Page 31 - How Children Learn to Hate Their Parents
P. 31
Out of The Trenches: What is the Study of Parental Rejection the Study of?
If you, like me, are pestered with the "why" of everything, understanding is often sought by trying to determine how parental rejection and visitation refusal is like other phenomena we know something about. To me, parental rejection is an "attitude." The study of attitudes and beliefs and how they operate on behavior is within the scope of social psychology and social psychology is steeped in research. Contradictory research, but attempts to look at the behavior of people in groups using the scientific method nonetheless. The way I look at it, if you can change a child's attitude, the negative view of a rejected parent, you might be able to repair the relationship.

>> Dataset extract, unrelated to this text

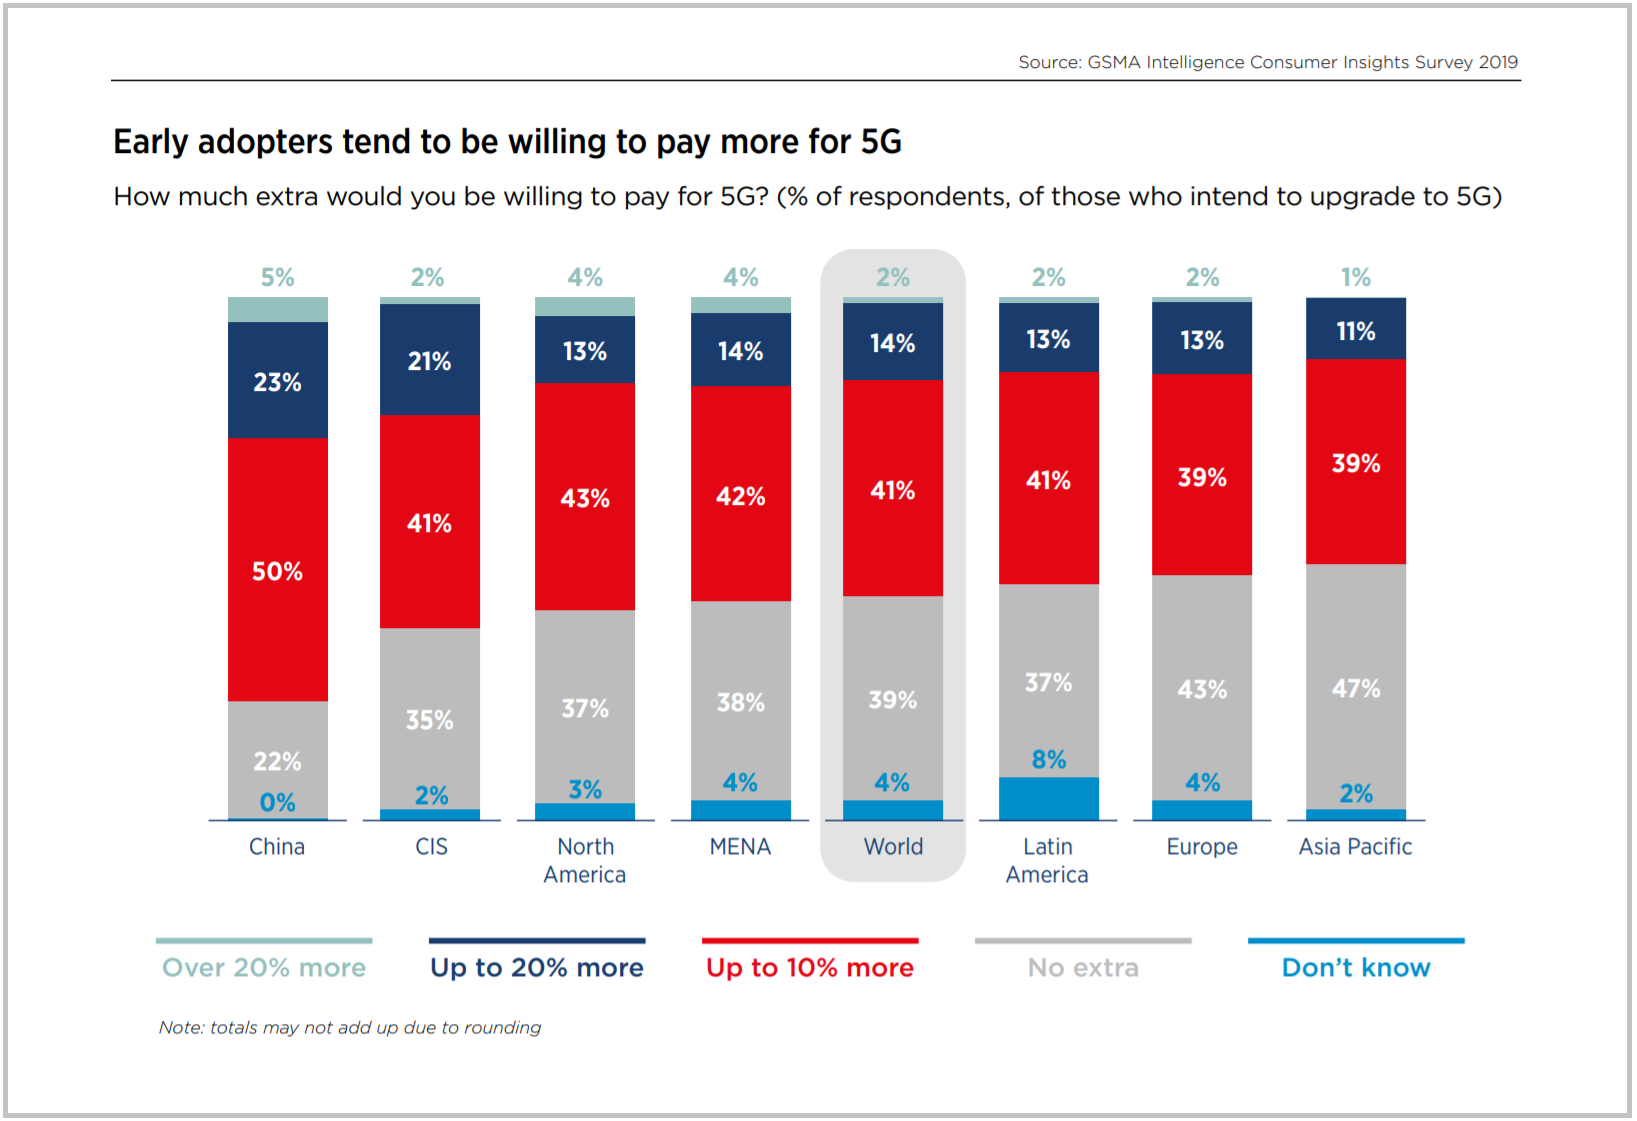 Early adopters tend to be willing to pay more for 5G
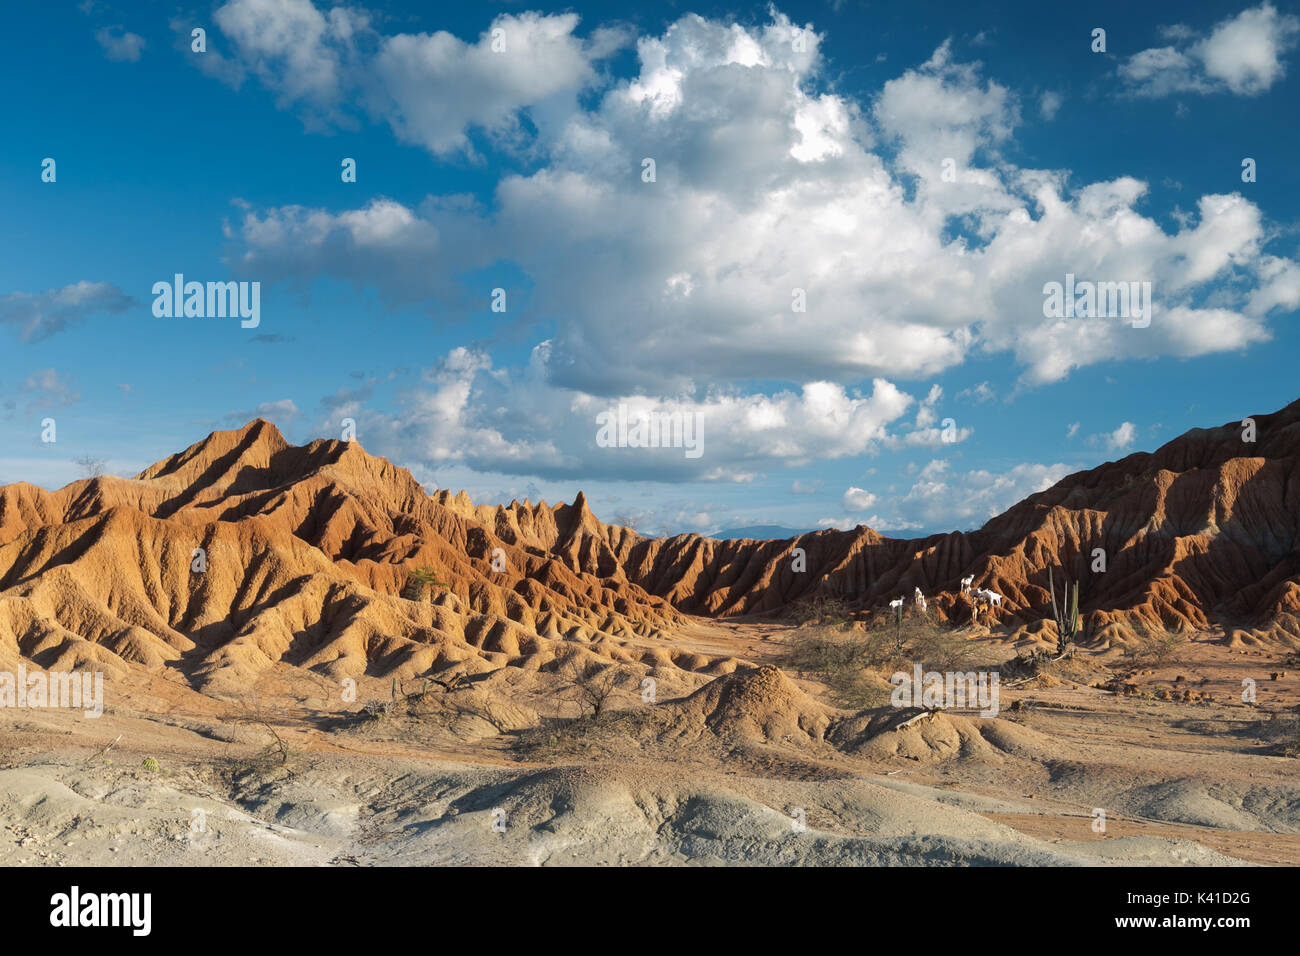 big cactuses in red desert, tatacoa desert, colombia, latin america, clouds and sand, red sand in desert Stock Photo

Q: Does Attitude Predict Behavior?
A: Sometimes.
Early social psychologists proposed that one way to predict how people behave would be to know their attitudes about the situation they were in. It seemed reasonable, for instance, if a person’s attitude about a certain race of people were known, it would predict how a person would respond to a person of that race. As it turns out such common sense hypothesizing was very inaccurate. Research carried out in the 1960’s by Leon Festinger (1964) and Allan Wicker (1969) shocked the social psychology community with its apparent topsy-turvy validation of the notion that the way a person behaves predicts their attitudes, not vice versa. These scientists were quick to point out that attitudes about cheating on tests did not accurately predict whether people cheated or didn’t cheat. Also, people’s attitudes about religion did not predict church attendance. Attitudes about the Asian race during times of crisis between Asians and Americans did not accurately predict how Asians were treated in one-to-one situations such as being patrons in a restaurant, where the owner of the restaurant has previously expressed negative views about Asians.
Study after study showed that people’s behavior is often not consistent with their attitudes. This might help to explain why children will so frequently violate their own convictions and visit with a parent who they have said they never want to see again.